Your instructions:
Restate the listing that follows word for word, without its pictures.

Data segment:

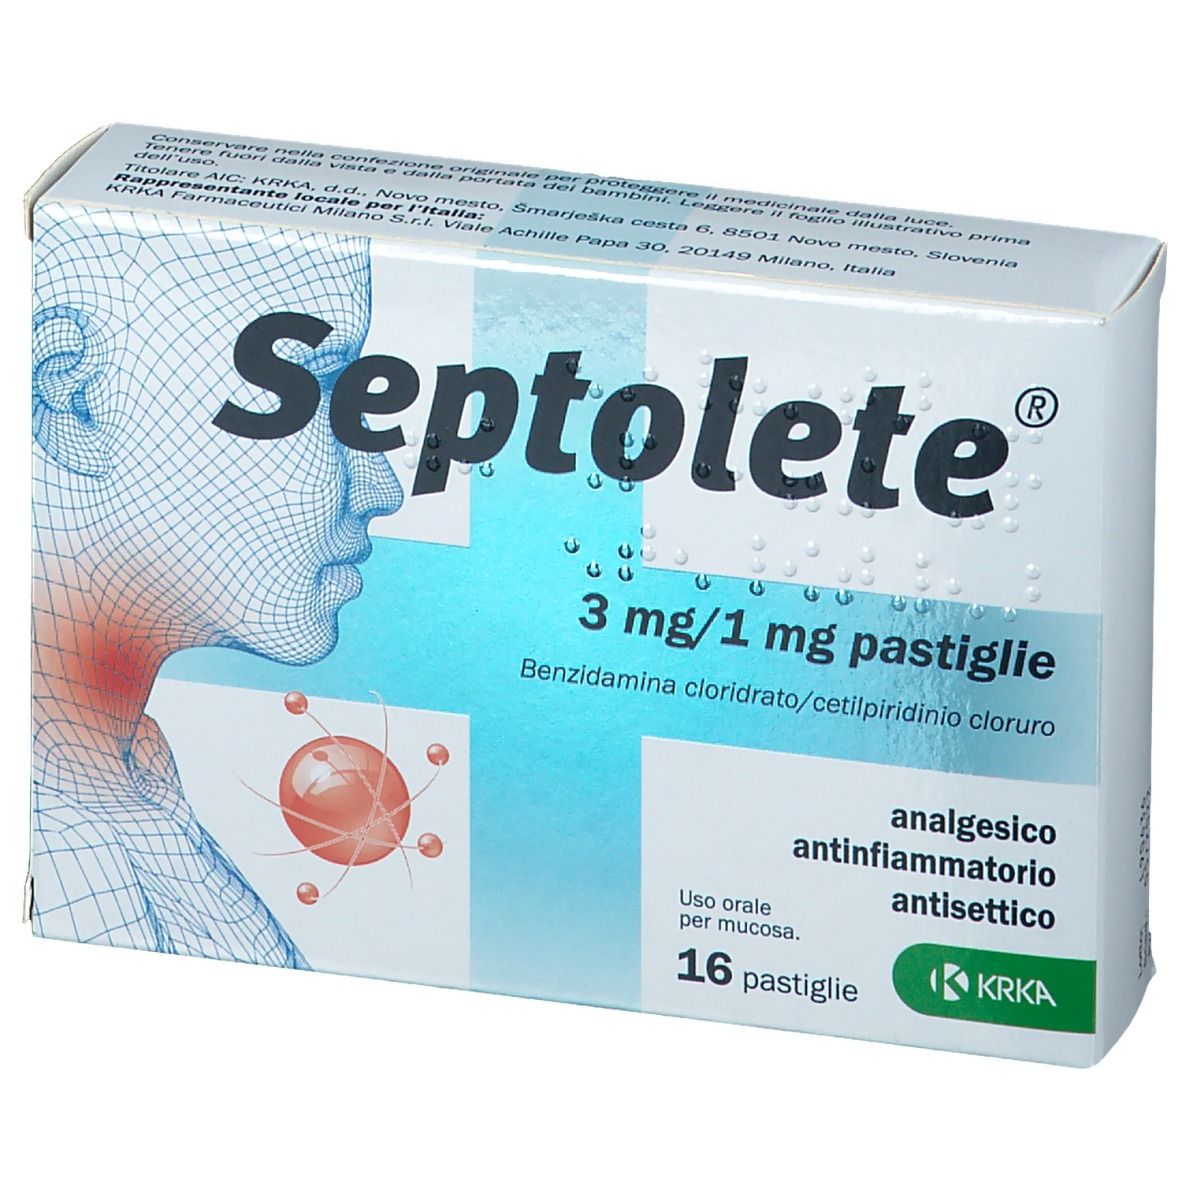 Septolete - 3 Mg/1 Mg Pastiglie 16 Pastiglie In Blister Pvc/pe/pcdc/al
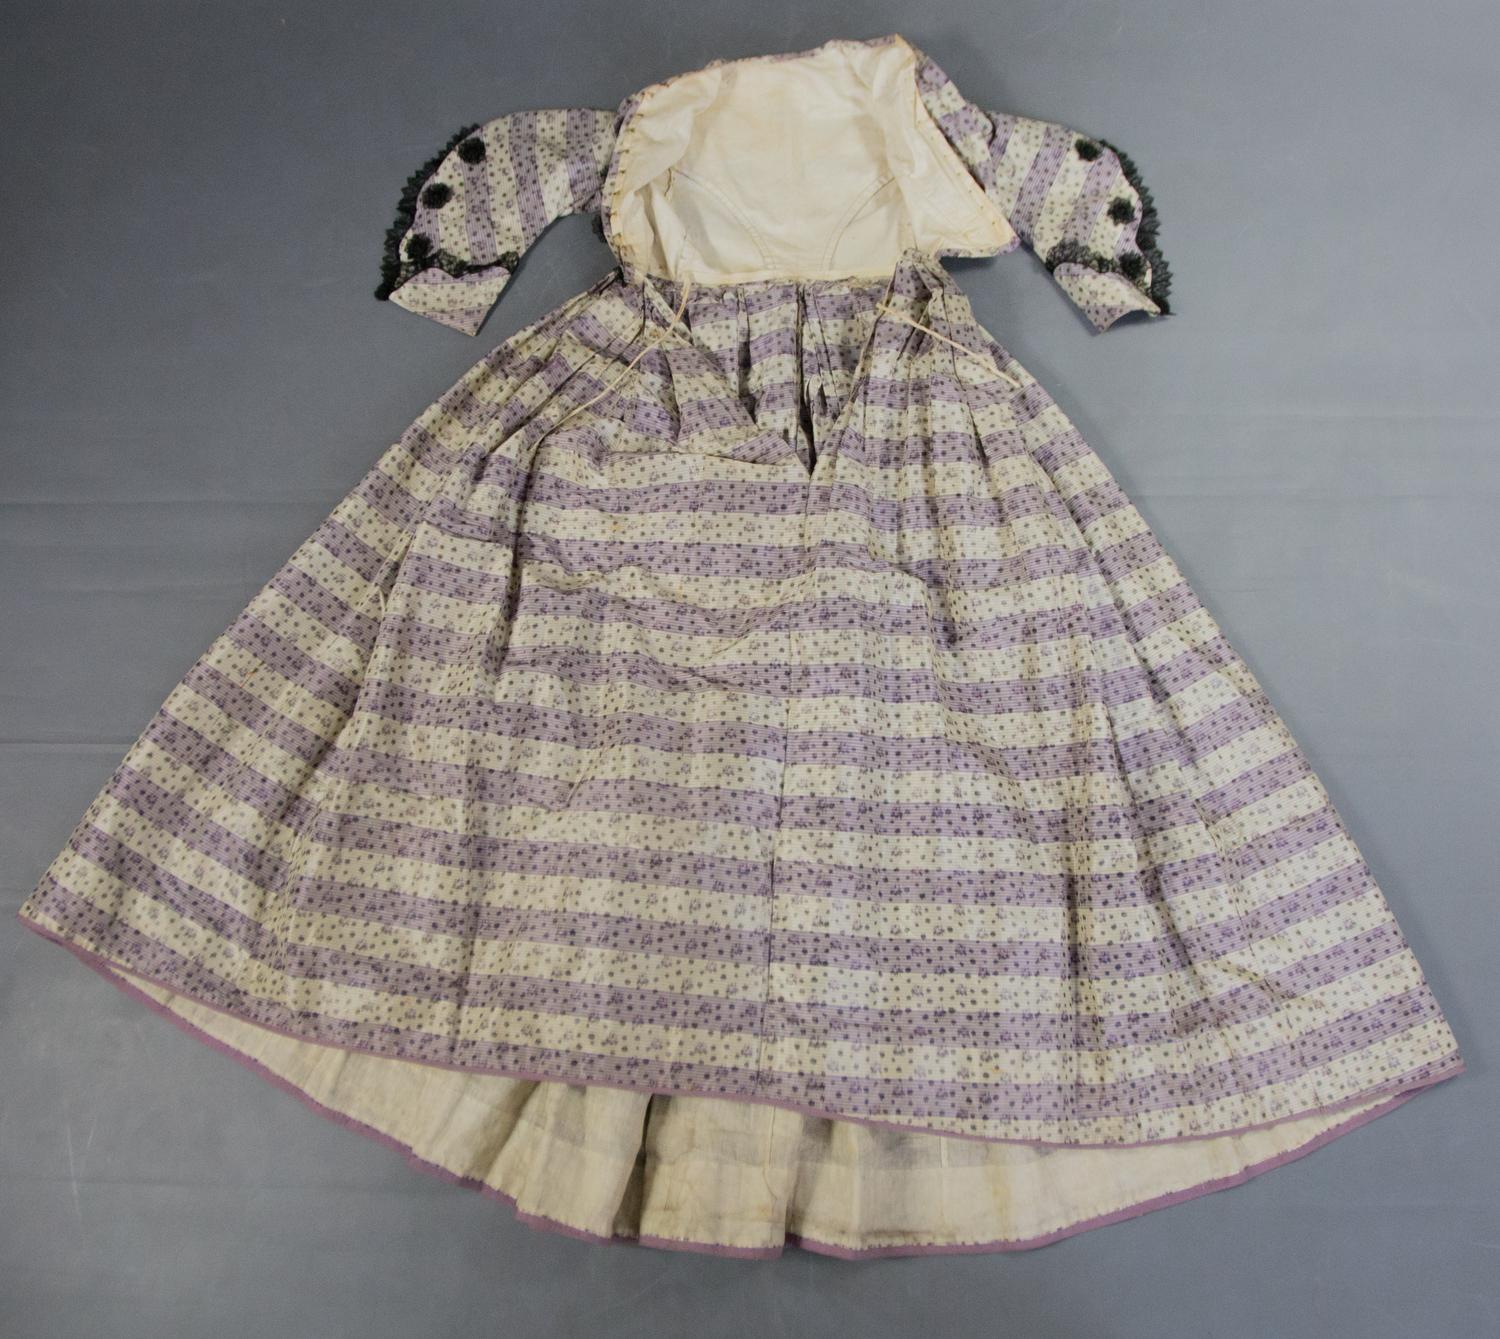 1855 dress
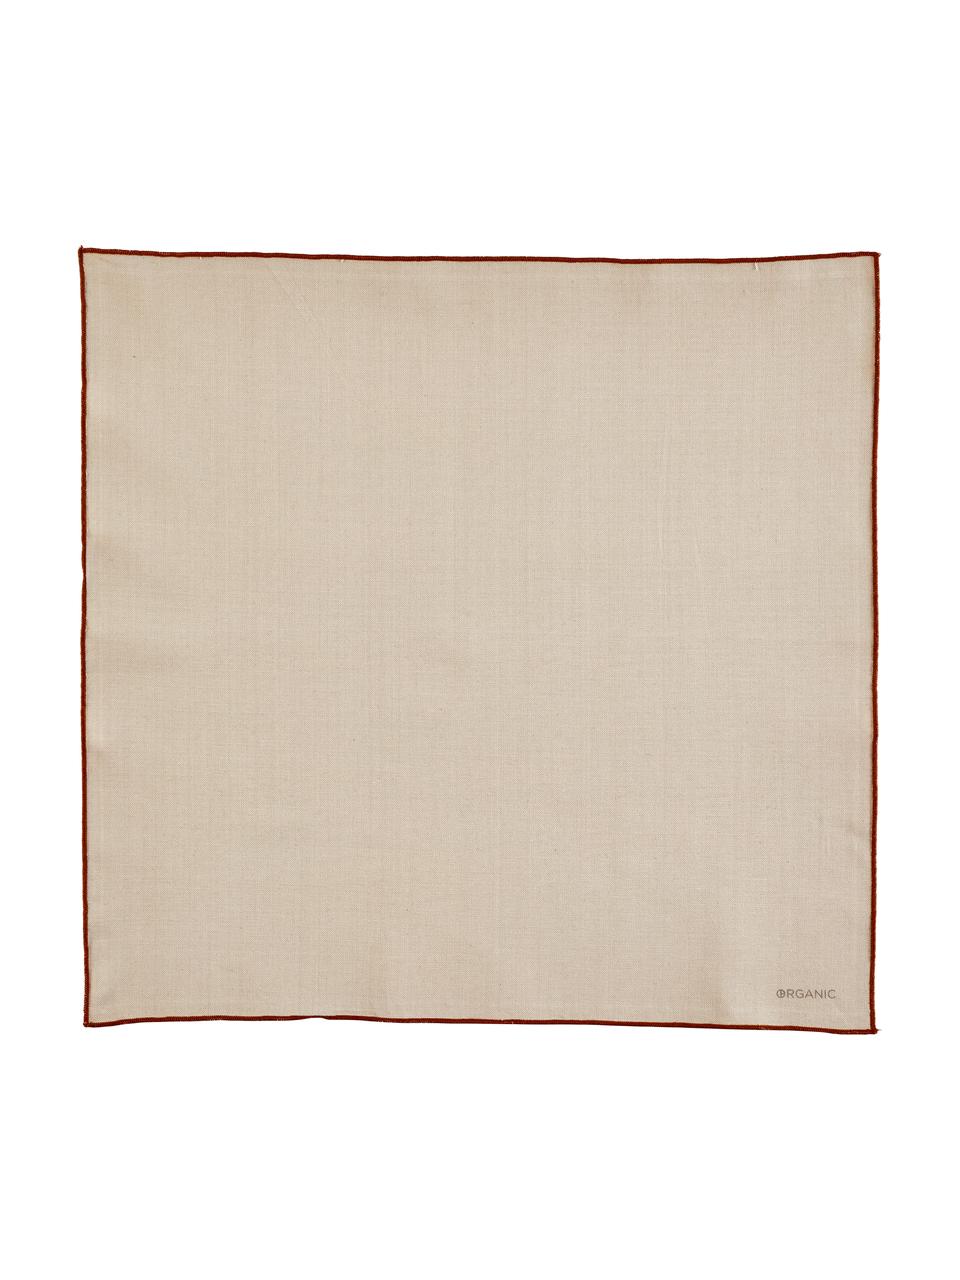 Serwetka z bawełny Organic, 2 szt., 100% bawełna, Kremowobiały, S 8 x D 18 cm
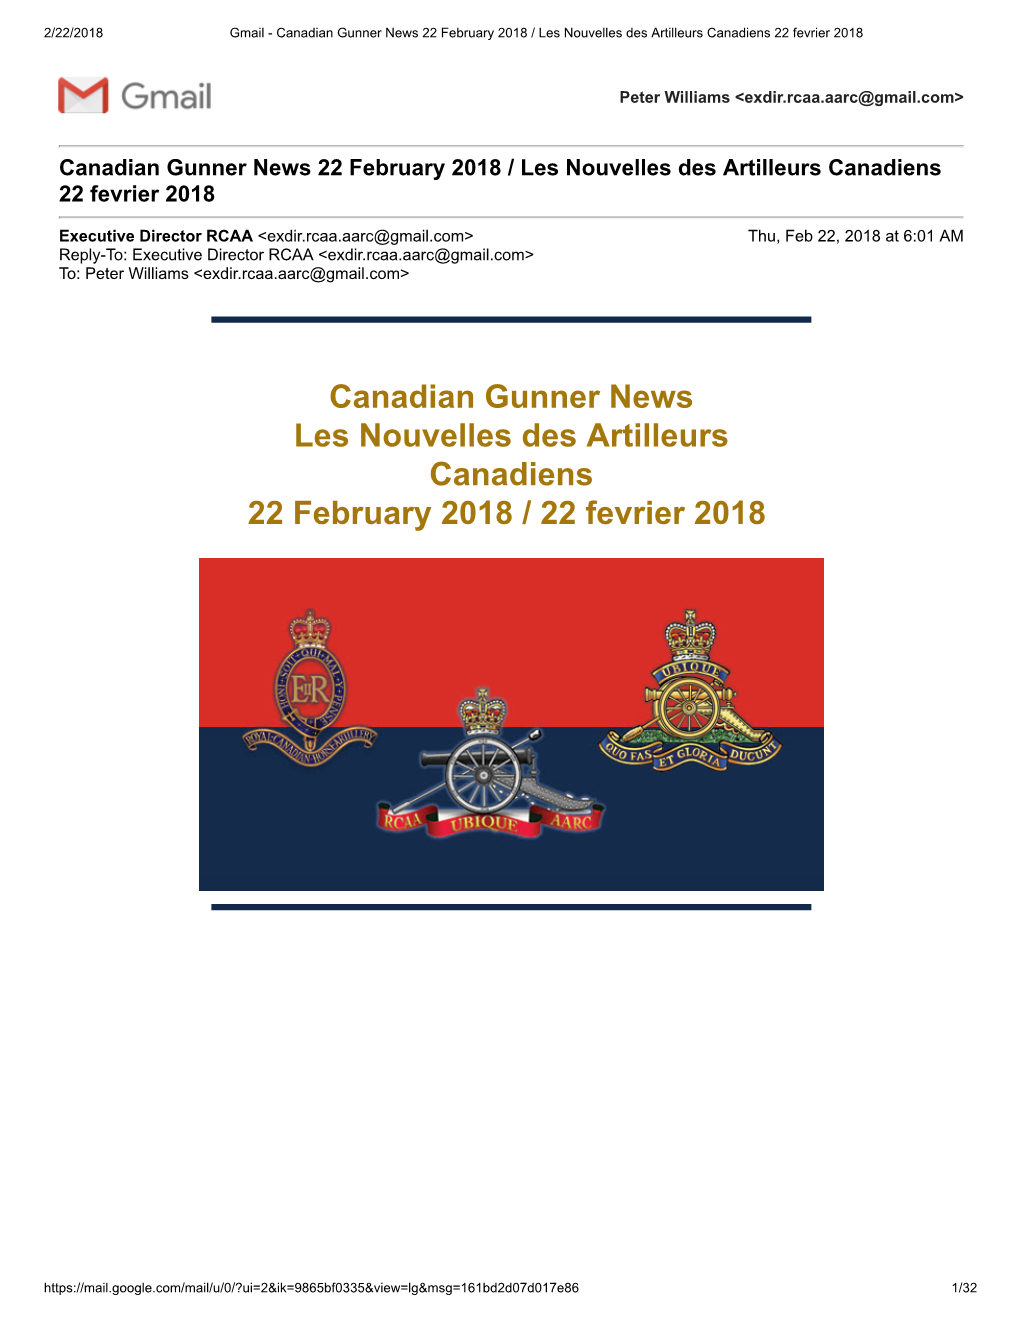 Canadian Gunner News Les Nouvelles Des Artilleurs Canadiens 22 February 2018 / 22 Fevrier 2018

Answer space:
 Septolete - 3 Mg/1 Mg Pastiglie 16 Pastiglie In Blister Pvc/pe/pcdc/al
 1855 dress
 Serwetka z bawełny Organic, 2 szt., 100% bawełna, Kremowobiały, S 8 x D 18 cm
 Canadian Gunner News Les Nouvelles Des Artilleurs Canadiens 22 February 2018 / 22 Fevrier 2018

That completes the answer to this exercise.